On April 12th, we were all treated to an 800-word victim-blaming turdfest that surely ranks as one of the worst professionally-written pieces of sportswriting in the history of the medium. A week later, the author, John Steigerwald, takes a wistful look back.
Author Of Victim-Blaming Column Apologizes, Declines To Apologize Sufficiently
Nowhere in my column did I suggest that Bryan Stow deserved the beating.
Nor did I “blame” him for the beating.
No dude, the thing is -- and this was the part we all thought was really wild -- you did!
Maybe someone can ask Stow, if he ever comes out of his coma, why he thought it was a good idea to wear Giants’ gear to a Dodgers’ home opener when there was a history of out-of-control drunkenness and arrests at that event going back several years.

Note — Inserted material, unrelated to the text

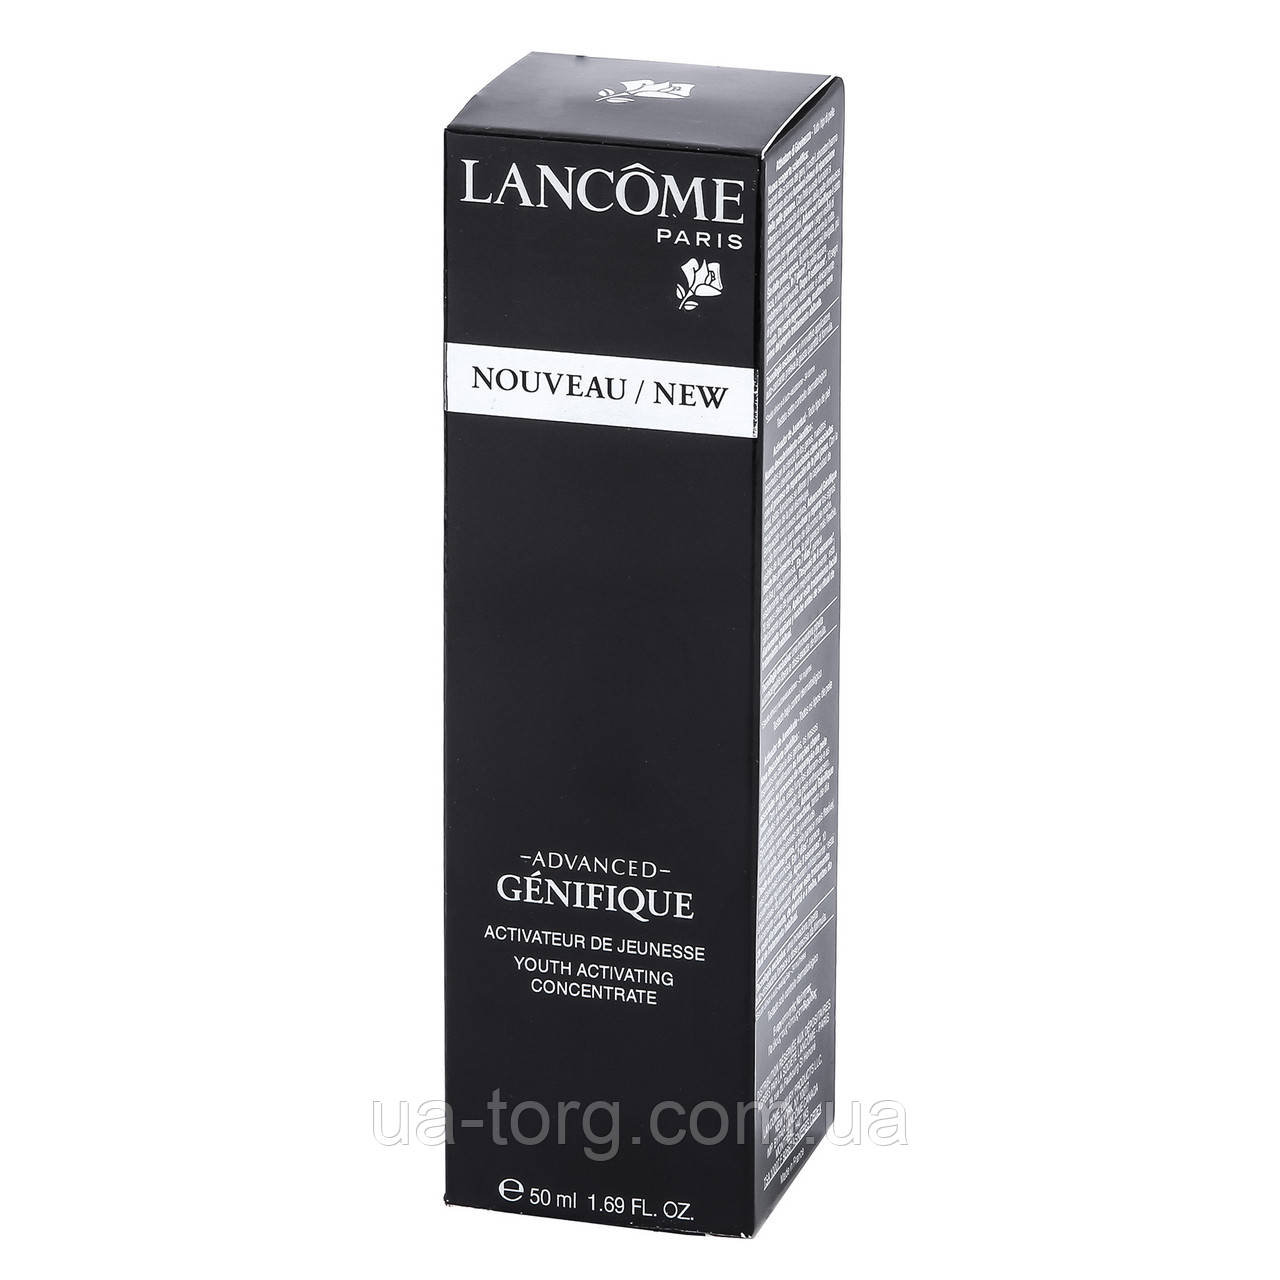 Сыворотка LANCOME Genifique Advanced 50 мл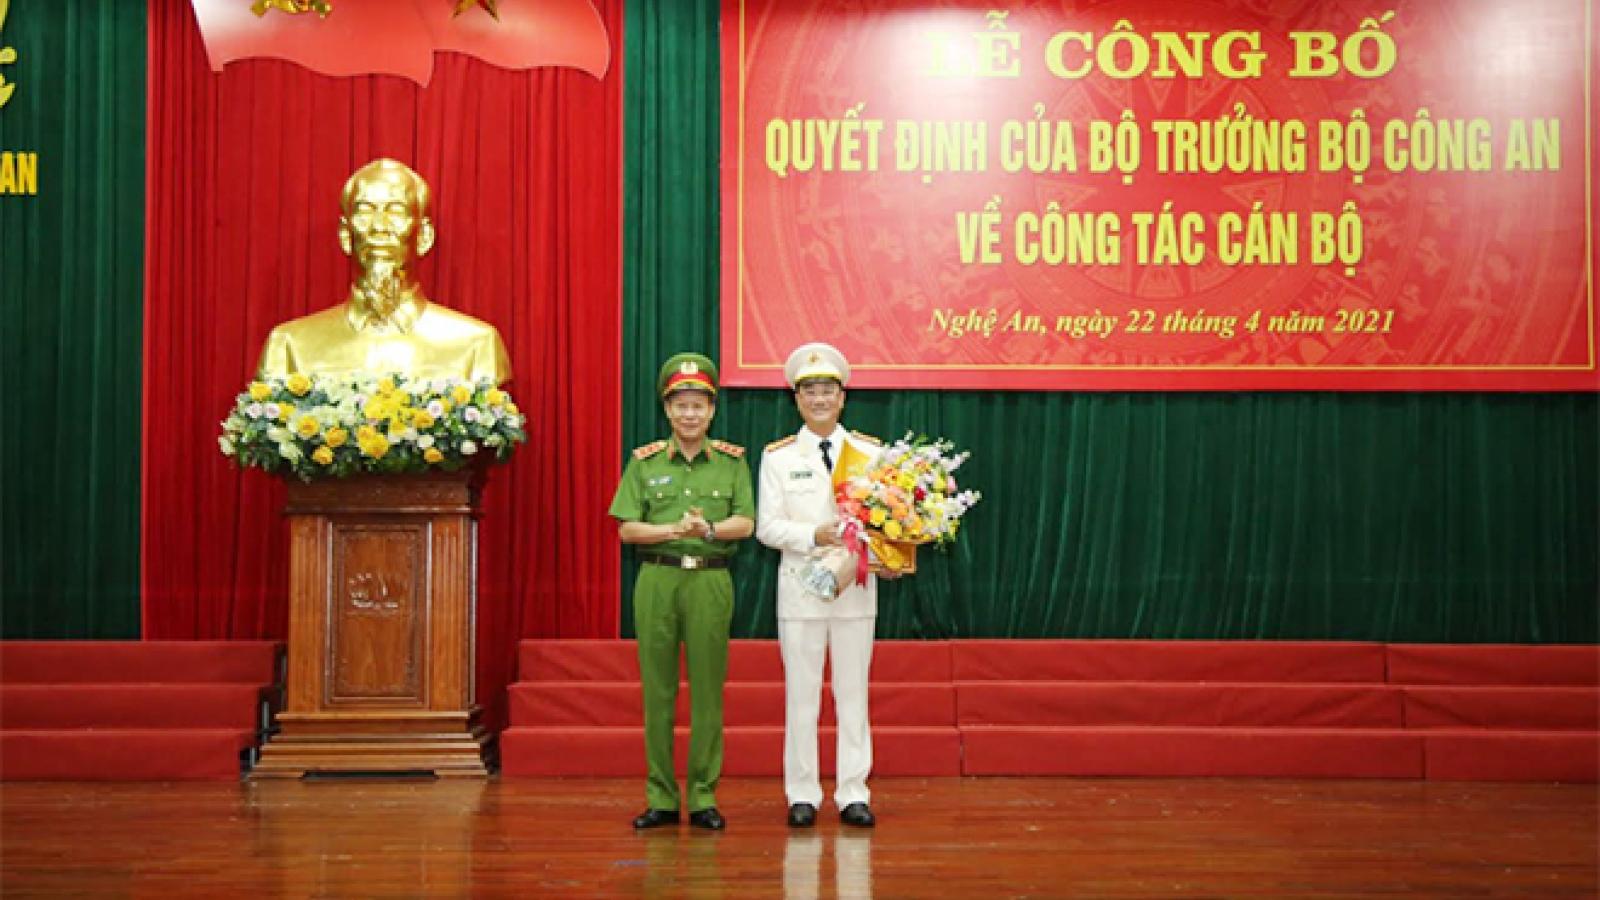 Giám đốc Công an tỉnh Bắc Ninh được điều động làm Giám đốc Công an tỉnh Nghệ An

That, from Steigerwald’s first article, is victim-blaming; of that there can be no doubt. Sometimes, people who write on a daily basis write things they later come to regret. Even if we don’t all understand how this happens, we may as well collectively acknowledge that it happens, and a writer ought to be able to own up to his mistake and unconditionally apologize for it.
Maybe, if I had done a better job of writing, my words would not have been so easily misconstrued - preconceived notions or not.
“Someone mis-labeled the keys on my typewriter” is the closest I can come to a plausible explanation. This wasn’t an error of word selection or syntax, it was an error in moral judgment. Steigerwald argues that national readers who weren’t familiar with his writing were reading the piece out of context; whether or not he realizes it, the point he is arguing here is not a terribly flattering one.
It isn’t worth dwelling on any of this for too long, but we’ve encountered a piece of writing so offensive that a conditional apology won’t suffice.
I never dreamed anybody who knew Brian Stow would read those words, and they wouldn’t have if it hadn’t gone viral.
Dear John Steigerwald: Internet. Signed, Internet.